Choice of data fetching interface
To get the data of stocks, generally speaking, there can be several methods:
- tushare, baostock, qstock and other python library interface, the advantage is that the data has been sorted and cleaned, it is more convenient to get, only need a line of command can be obtained, the disadvantage is that there are often a variety of constraints, and the accuracy is not enough, for example, tushare need to register and get points to use, these libraries of the highest free time accuracy is 5 minutes, want to get the granularity of 1 minute data, you need to find a way to do it yourself.

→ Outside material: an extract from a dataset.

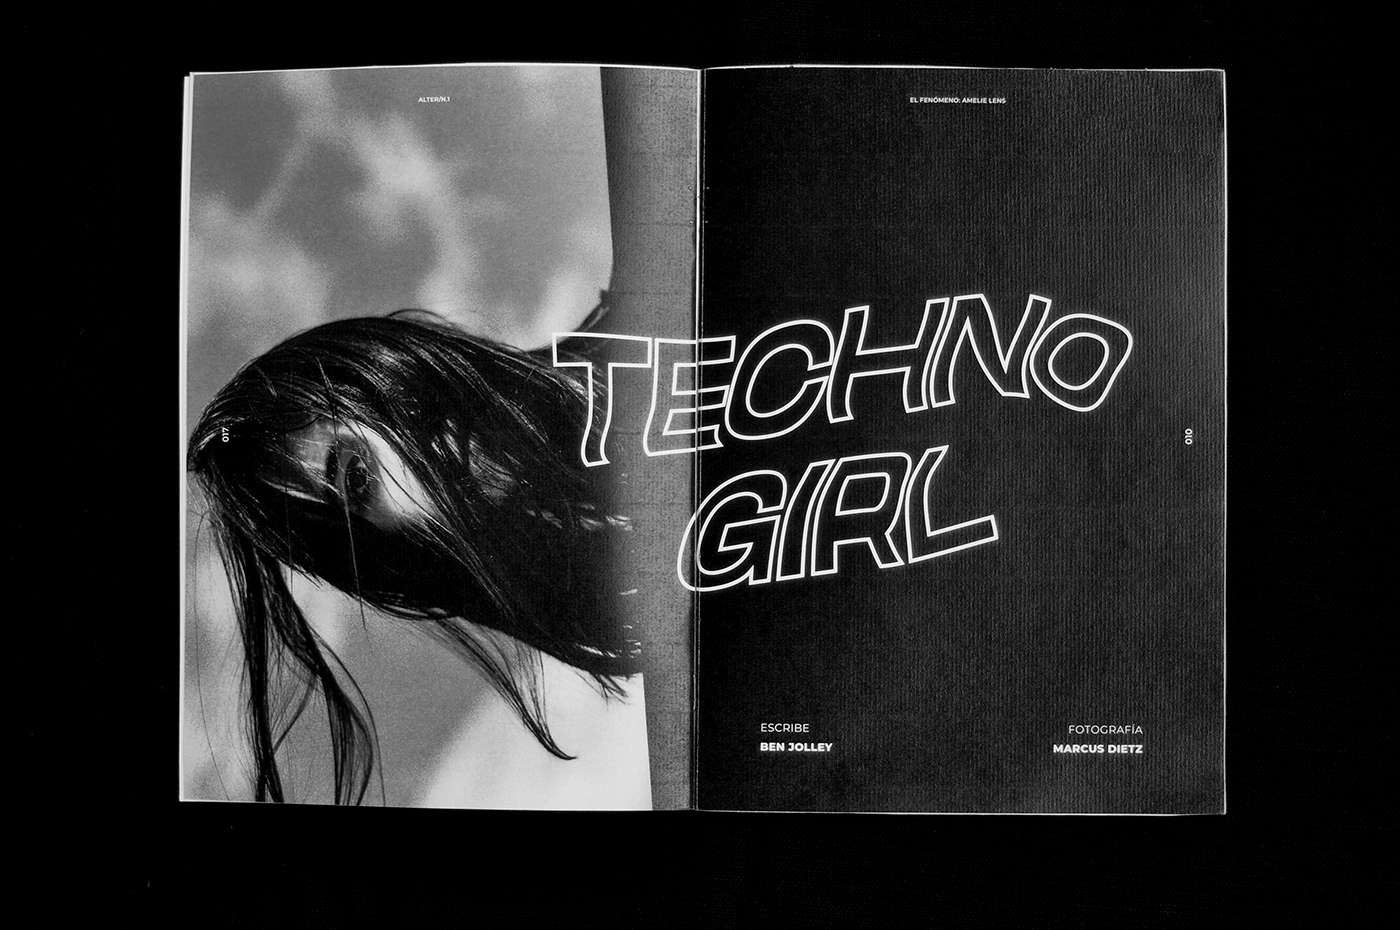 editorial magazine revista black and white electronic music musica electronica tipografia typography   mag revista cosgaya

The maximum free time precision of these libraries is 5 minutes, so if you want to get the data with a granularity of 1 minute, you need to think of your own way!
- directly through the web page to crawl the corresponding data, this way is more free, but the problem is that you can not be broken, once one day your crawler server is down, which means that your data is difficult to pick up, you need to make up from other data sources, the problem is that you have other channels of information, why not use it in the beginning
- download the data through stock trading software, and then transform it into your own data.
- buy the data directly
Downloading the data is not the end of the matter, it is best to save it in the database, so that it is convenient for multiple terminals and can be called at any time. Here are three ways to do this
Getting historical data via python library.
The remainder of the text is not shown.